If the alien relative is already in the United States, that relative must also file a Form I-485 Application for Application to Register Permanent Residence or Adjust Status (“Application for Adjustment of Status”). In order for an alien to successfully adjust its status, it must: (1) apply to do so; (2) be eligible for the immigrant visa it seeks and be admissible; and (3) the immigrant visa in question must be available immediately.

If the alien is an immediate relative of a citizen, the alien may file his or her I-485 Application for Adjustment of Status simultaneously with the citizen relative’s Form I-130 Petition, assuming her or she is admissible (which will be discussed below), since immigrant visas for the immediate relatives of citizens are immediately available. In these cases, the Form I-130 and Form I-485 are both sent to the Chicago Lockbox. For all other relatives, they will have to wait until their immigrant visa becomes available before filing the Form I-485 Application for Adjustment of Status.

However, that beneficiary alien will still have to leave the country in order to have its interview in a U.S. Consulate outside the country concerning the Form I-130 Petition filed on his or her behalf. This requirement may pose a problem when the alien relative is the immediate relative of a citizen but that alien relative entered the United States without inspection, for depending on how long the alien relative has been in the United States, he or she may face a 3 or 10 year ban if he or she were to leave the country and try to re-enter. But thanks to the recently enacted Stateside Waiver, certain immediate relatives that entered the United States without inspection can obtain a pre-approved extreme hardship waiver that will secure their re-entry to the United States after departing to interview in a U.S. Consulate outside the country.
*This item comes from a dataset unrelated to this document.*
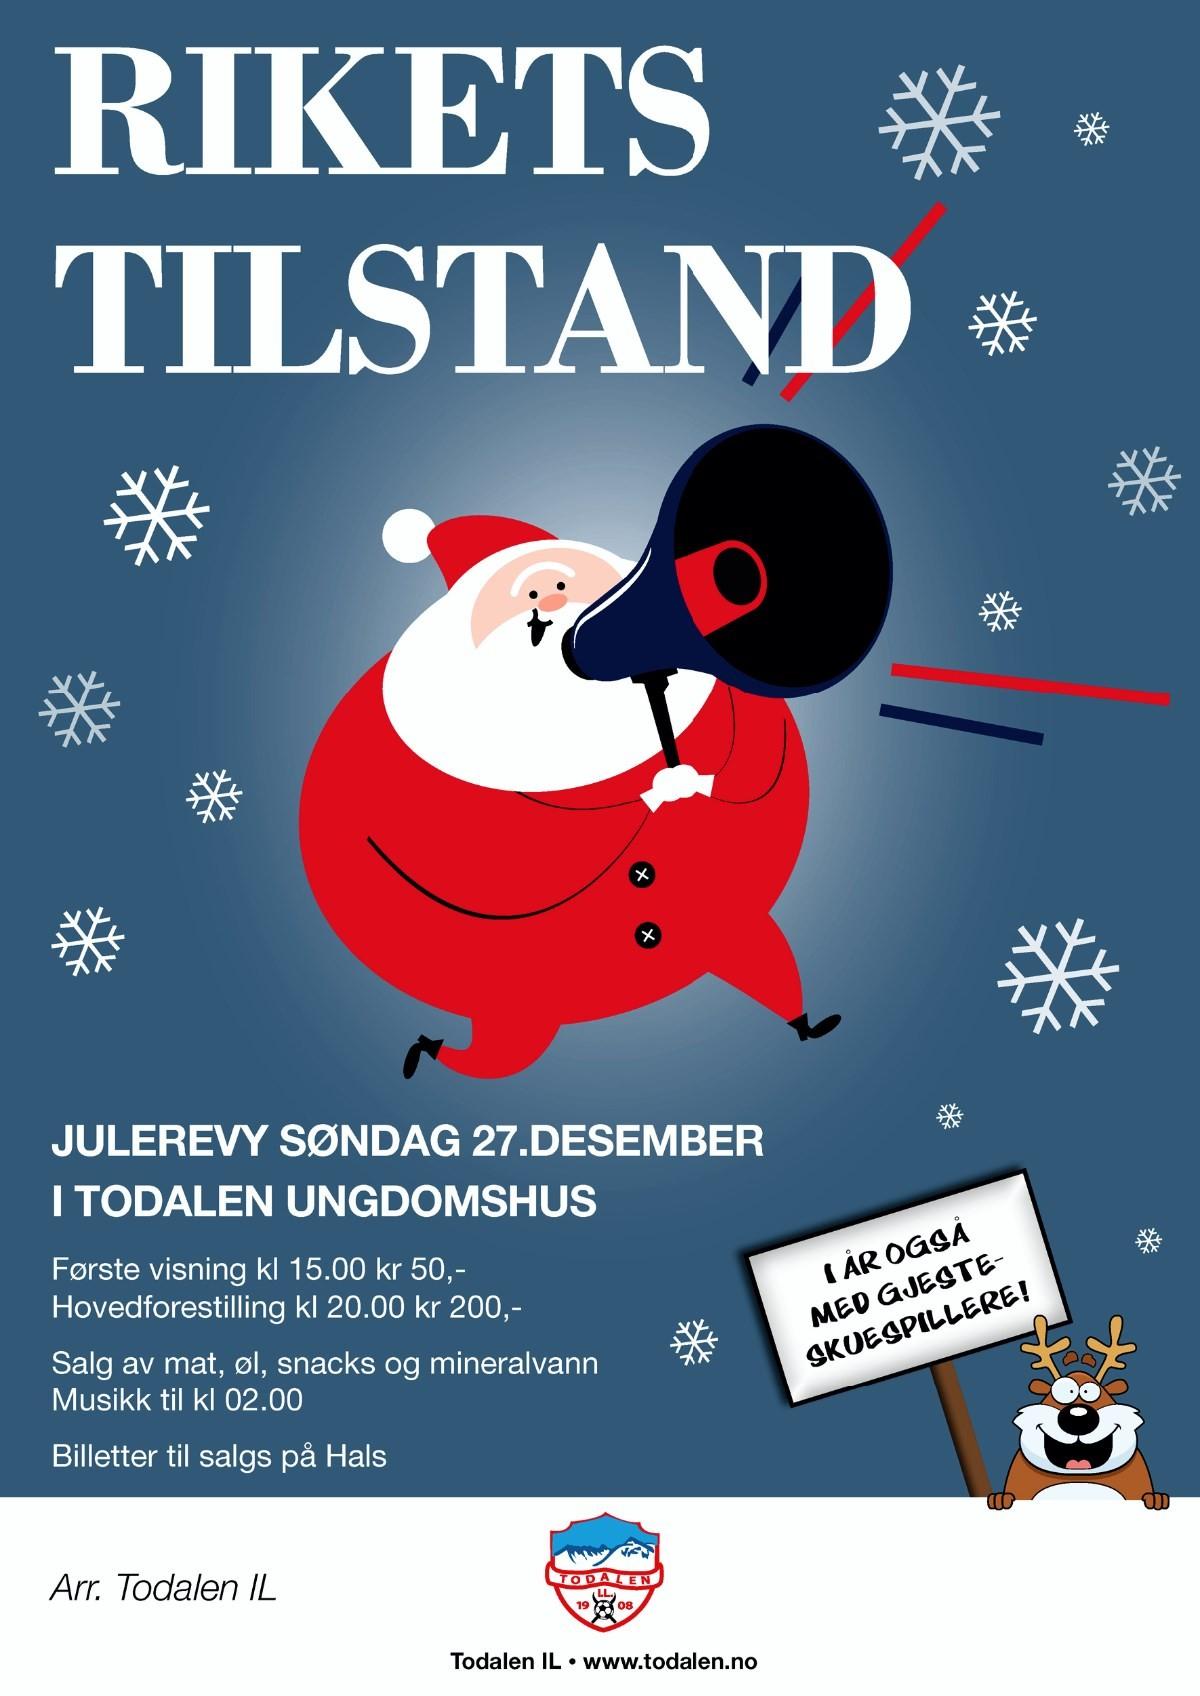 """Rikets tilstand"" heiter årets julerevy.  Plakatdesign: Lillian Halle"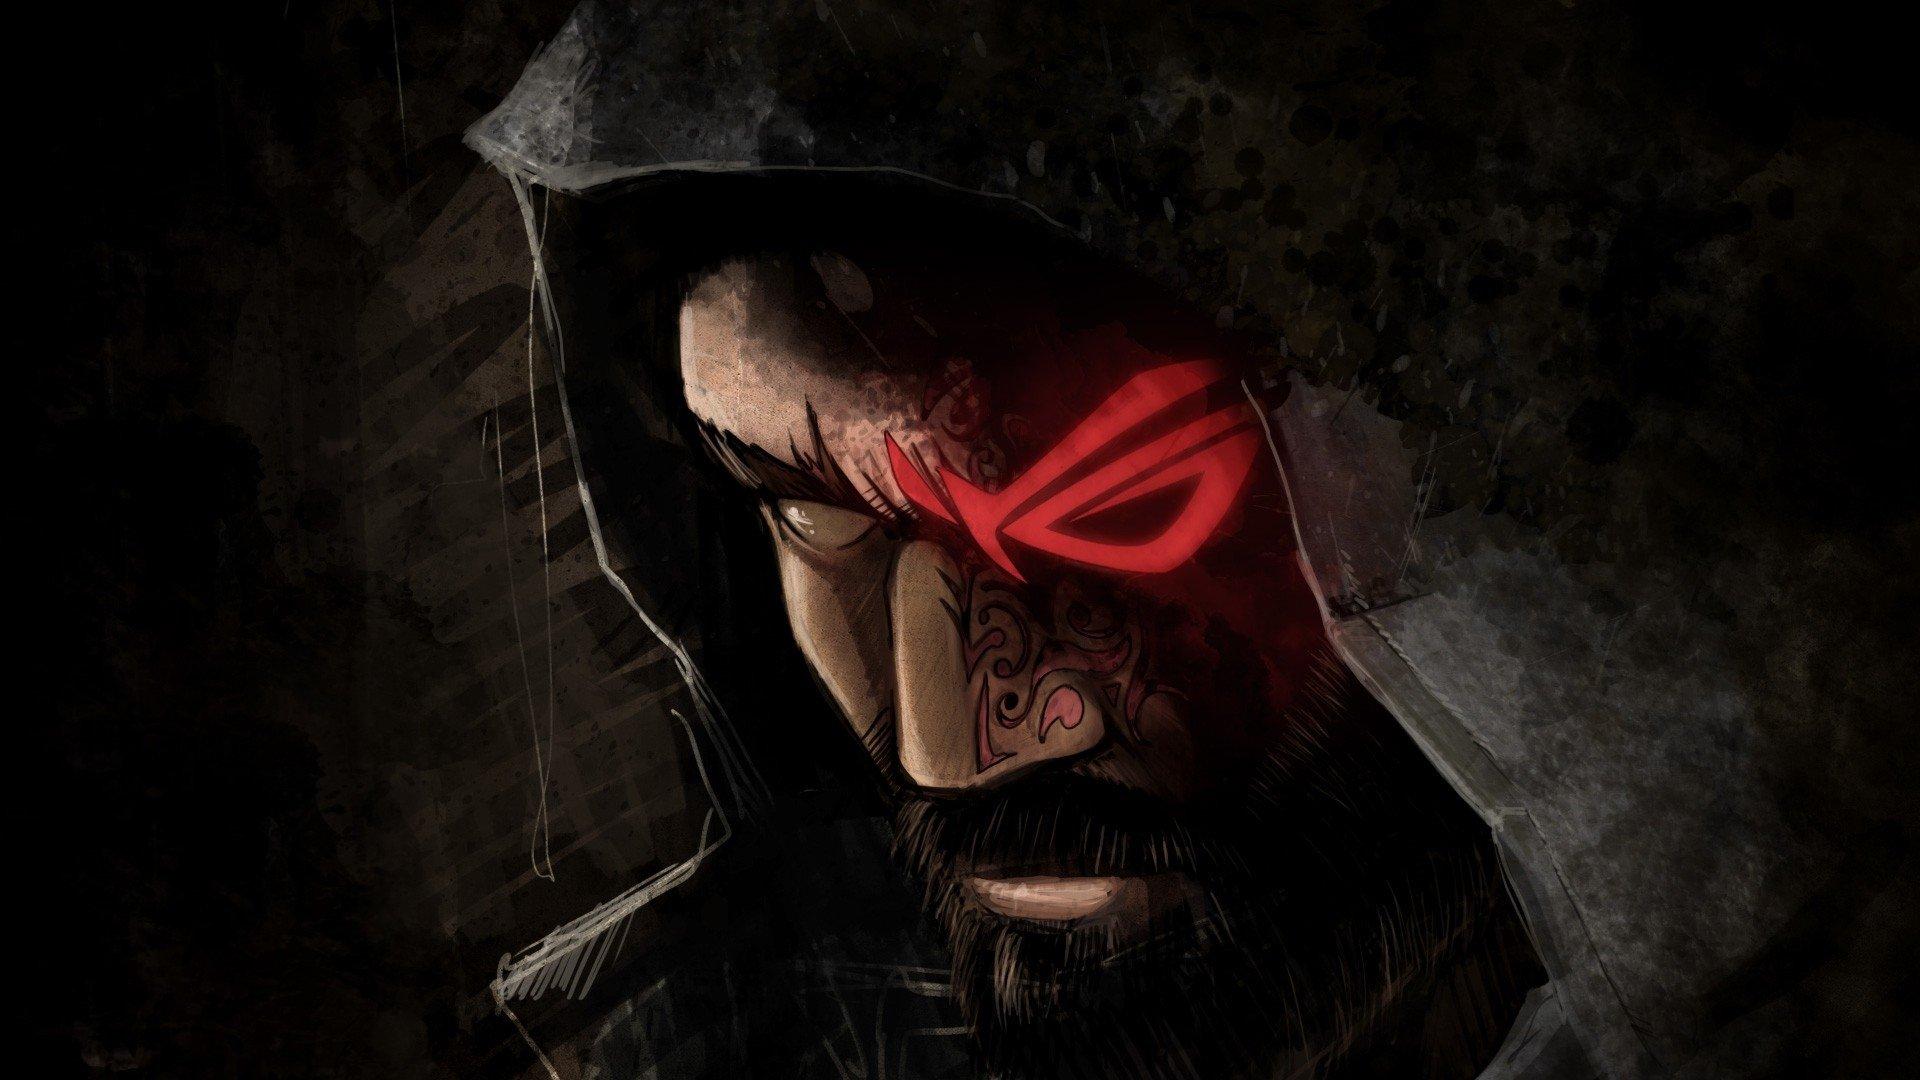 Red Riding Hood Wallpaper Desktop K HQ Definition Pics NM.CP

This waiver allows the alien to avoid the risk of leaving the country to interview for a green card, only to be prohibited from re-entering the United States for 3 or 10 years.

An exception to this whole process is for K-1 Fiancé(e) Visa holders, who upon marriage need not file a Form I-130 Petition and interview outside the country; instead, such aliens need only file the Form I-485 Application for Adjustment of Status.

It is important to remember that just because an alien relative is eligible for a green card based on a familial relationship, the alien must still satisfy all other admissibility requirements in order to be approved for a green card. For example: the alien relative may not have any communicable disease or any other serious health condition; the alien may not have convicted of any crimes; the alien may not pose a threat to the nation’s national security; the petitioner must ensure the alien will not become a public charge by filing a Form I-864 Affidavit of Support; and the alien may not have previously violated the immigration laws of the United States. However, certain waivers and exceptions can excuse an alien’s ground for inadmissibility, such as the previously mentioned extreme hardship waiver.